Make Lemonade by Virginia Euwer Wolff

 lemonade book cover

BIBLIO: 1993,New York: Henry Holt and Company, Ages 13 to 16.
REVIEWER: Gwen Harter.
FORMAT: Young Adult book
ISBN: 978-0805080704

By writing this novel in poetry the story gains a whole lot of meaning. The short entries with breaks and lack of grammar and a distinctive vernacular show the disorganization and scrambled emotions of the characters. Narrated by LaVaughn, a fourteen year old girl, the reader peeks into the unfortunate life of Jolly, a seventeen year old mother, and her two children Jeremy and Jilly.

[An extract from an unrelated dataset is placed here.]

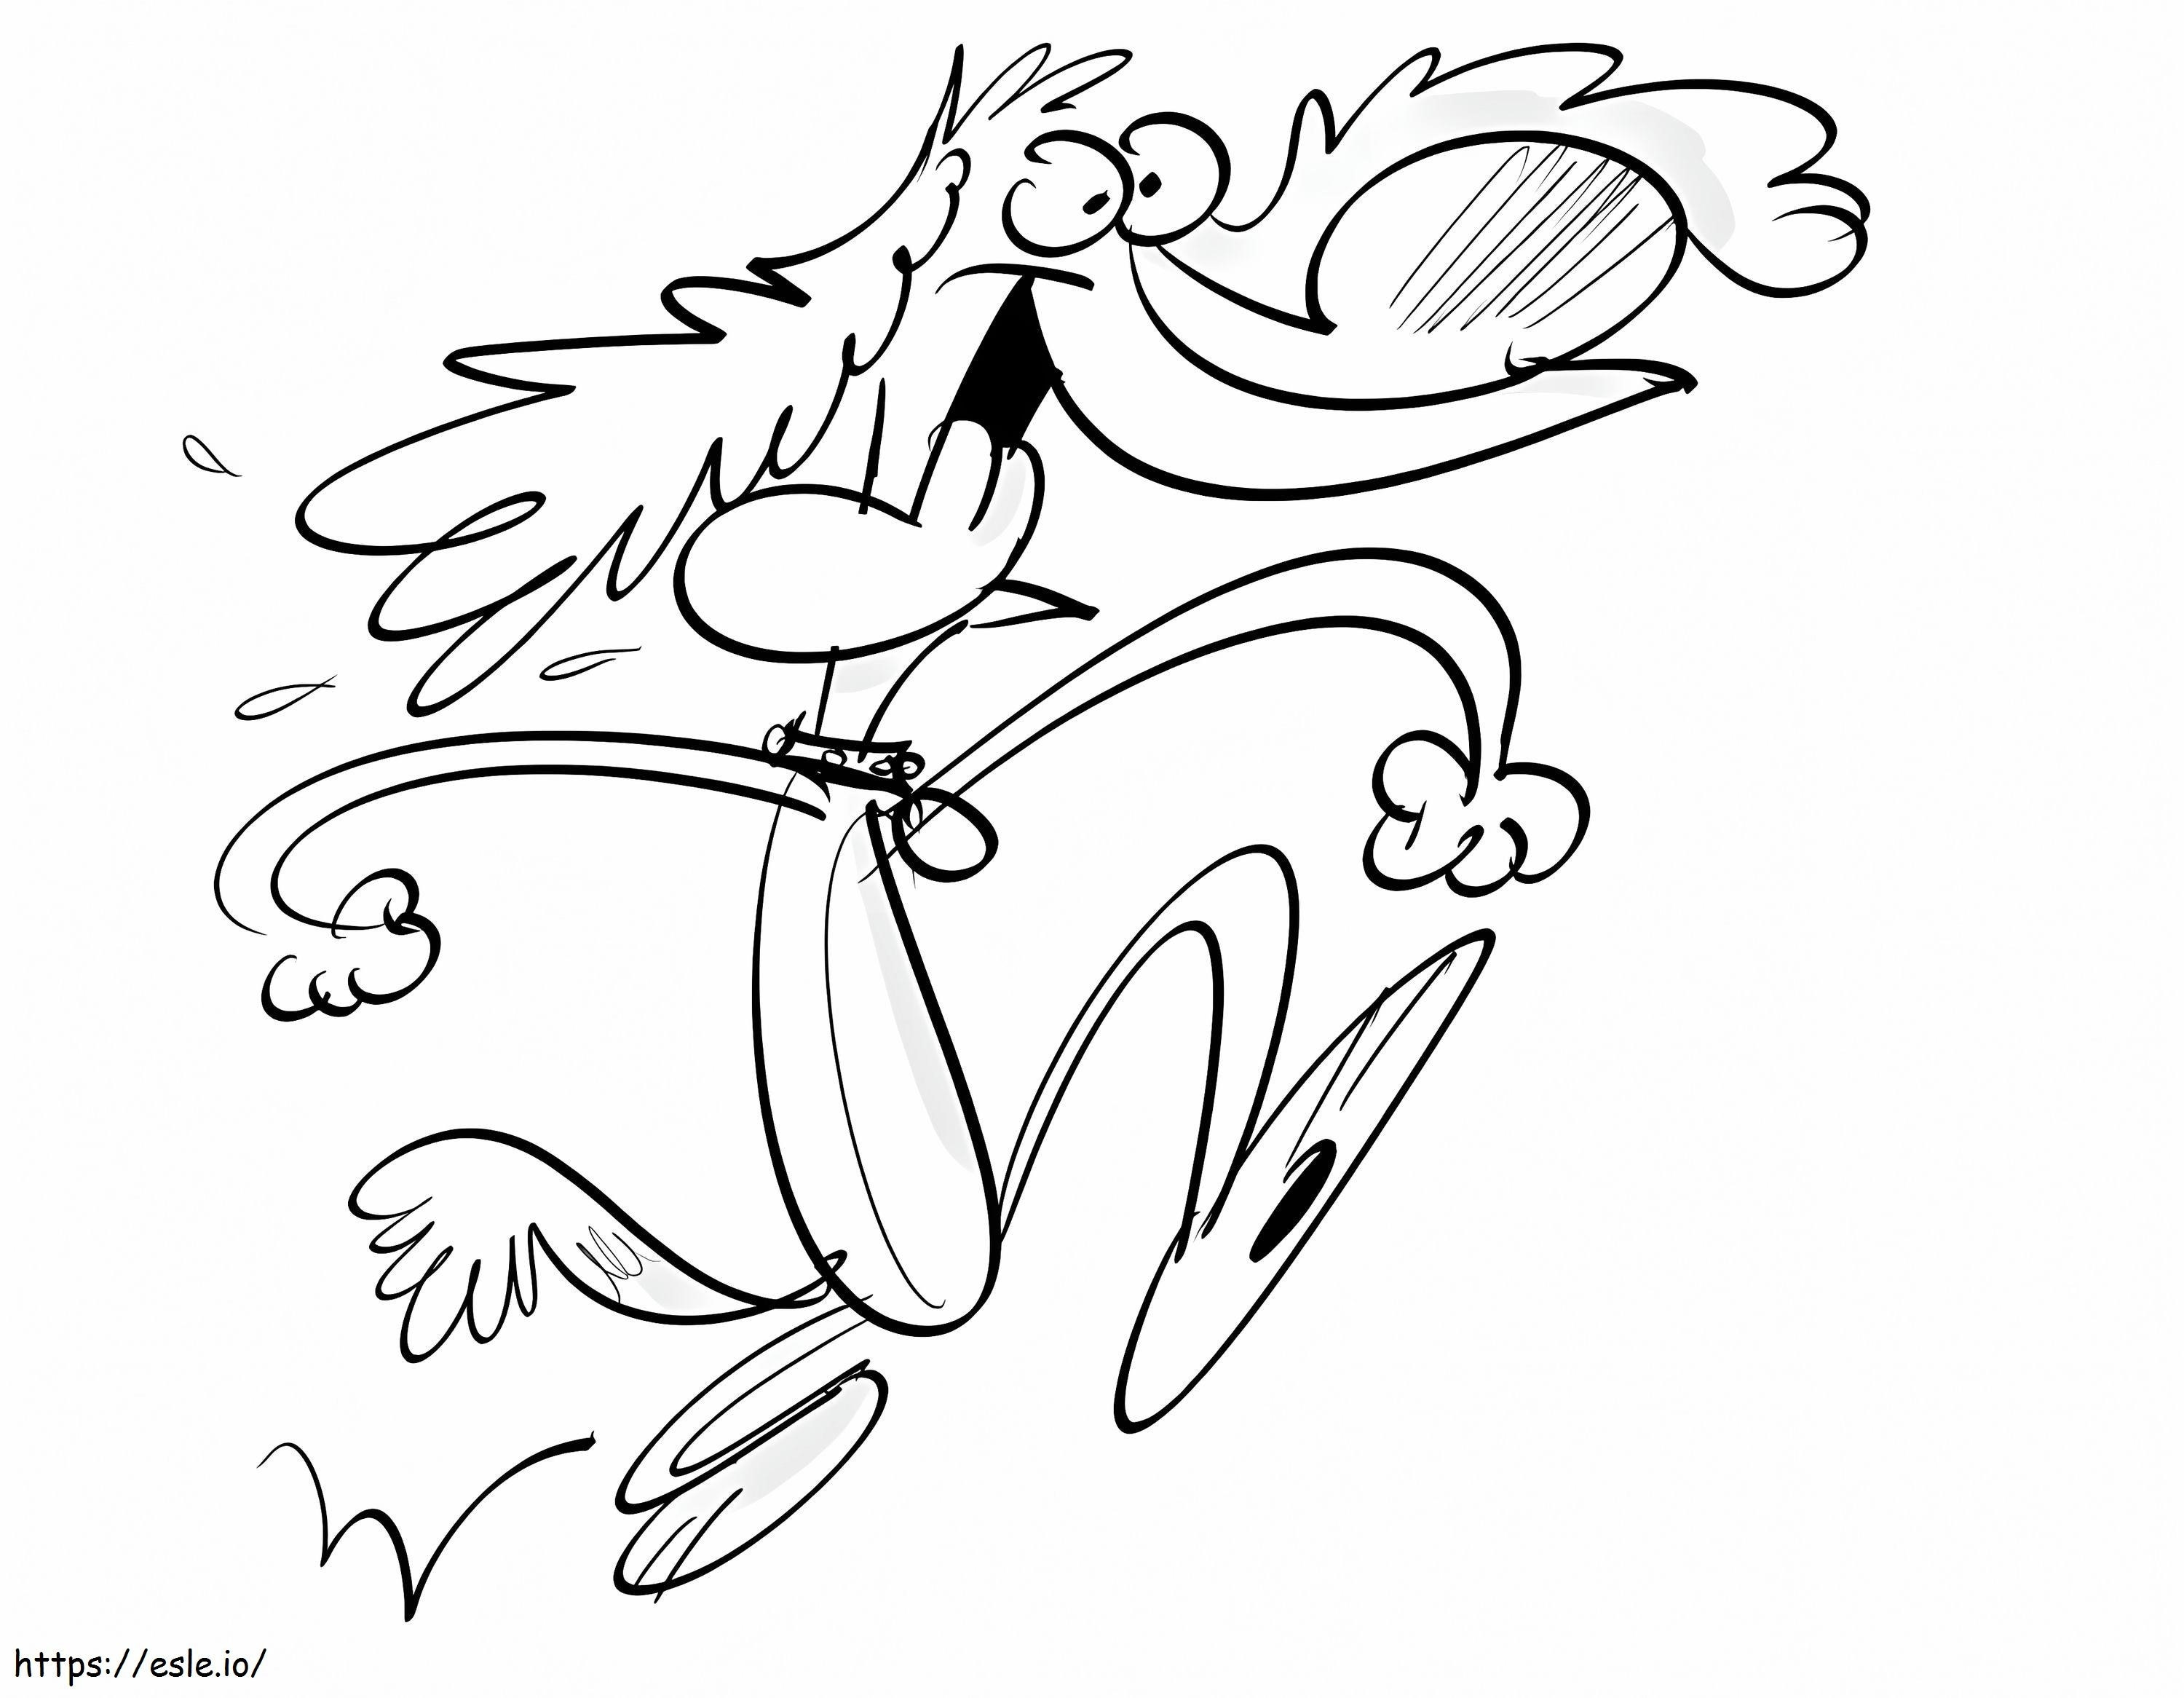 Hal The Dog From Nature Cat coloring page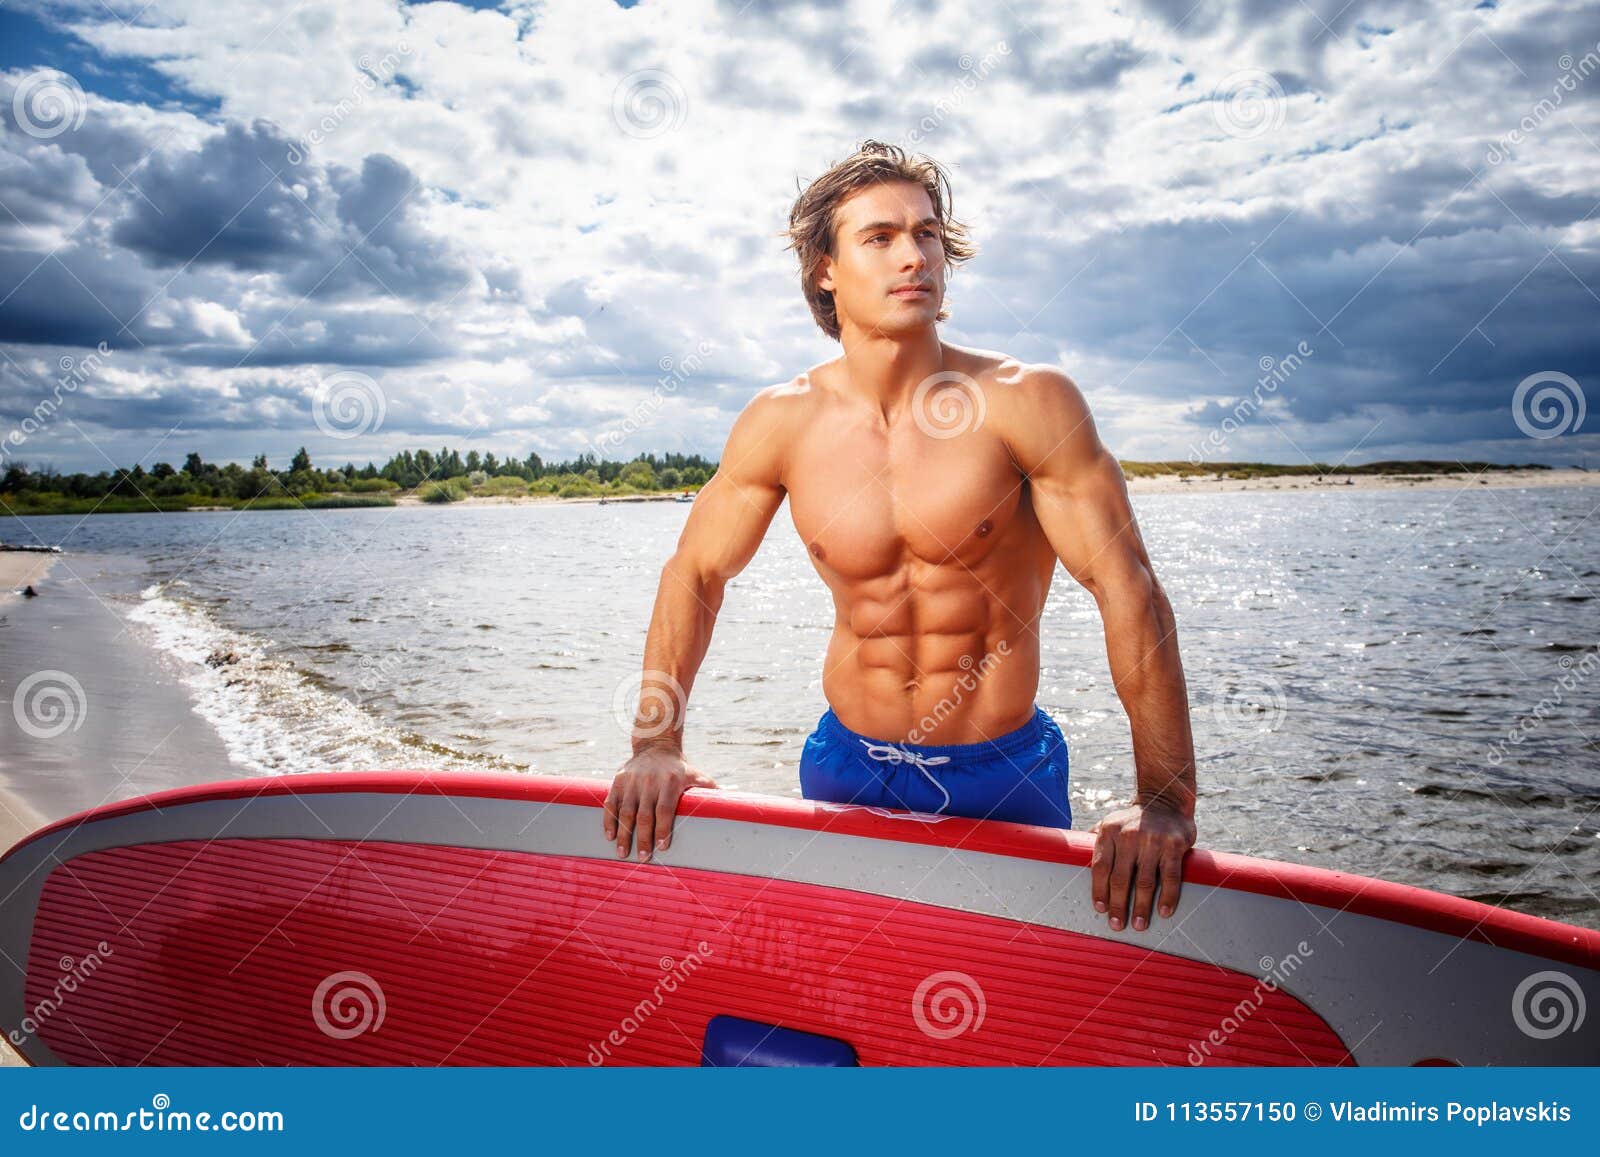 Fitness Male Model In White Pants And Shirtless Posing On

LaVaughn takes the babysitting job as a way to earn money for college and after visiting for the first time, LaVaughn has more than enough incentive to get out of the neighborhood. Living in squalor and struggling paycheck to paycheck the small family gets turned upside down when Jolly loses her job. Despite all of this LaVaughn bonds closely with this little family, caring tenderly for the children and their fragile mother, be it through storytelling or bathtime she is determined to help. Unable to find work LaVaughn convinces Jolly to “take hold” by returning to school with the specialized Moms Up GED program. A unique look at Jolly’s hardship is seen through the contrasting bleeding heart LaVaughn and her tough love mother (through LaVaughn’s conversations with her and her occasional run-ins with Jolly). Several unexpected things happen, including “lemon bloms” and Jolly actually looking to change her family’s life. A heartwarming problem novel truly shows that you can “make lemonade” no matter the circumstances. This novel works through issues typically seen in inner-city communities like poverty, illiteracy, absentee fathers, pipe dreams of college, and picking oneself up again and again. I would recommend this book to girls from the latter half of 8th grade up until early 11th grade based on the content and comprehension levels.

Z for Zachariah

Z for Zachariah by Robert C. O’Brien

scared girl book cover

BIBLIO: 1975,New York: Atheneum,Ages 13 to 16.
REVIEWER: Gwen Harter.
FORMAT: Young Adult book
ISBN: 978-1416939214

In a post-apocalyptic world sixteen year old Anne Burden lives by herself in a secluded valley minimally affected by the nuclear fallout, tending her family farm and occupying her time with her journal (the novel itself). Having spent a whole year in isolation she is surprised when a strange man, Mr. Loomis, arrives in the valley with a [hazmat] suit and Geiger counter, cautious she avoids him at first but when he falls ill she returns to aid him to health. In his feverish outbursts she finds out his troubled past with Edward to the point of murder. When he regains his health Anne becomes wary and runs away when he tries to take advantage of her, avoiding him but hoping to coexist in the valley though that plan gets cut short when he tries to track her with the dog and maim her to prevent her escape. In a resolute action Anne flees the valley with Mr. Loomis’s stolen supplies looking for another valley hoping to find a future as a schoolteacher. The book was written and presumably set in a Cold War time period. It appears that this simple book, at one point, would have been relevant and entertaining to teenage girls and some boys but not to the 21st century reader. Some of the details seem outdated and in some ways too convenient, not to mention the characters seem logical but act inconsistently. I would not actively recommend this title, instead I would offer Life as We Knew It by Susan Beth Pfeffer, which is a similarly apocalyptic series set realistically in the modern day.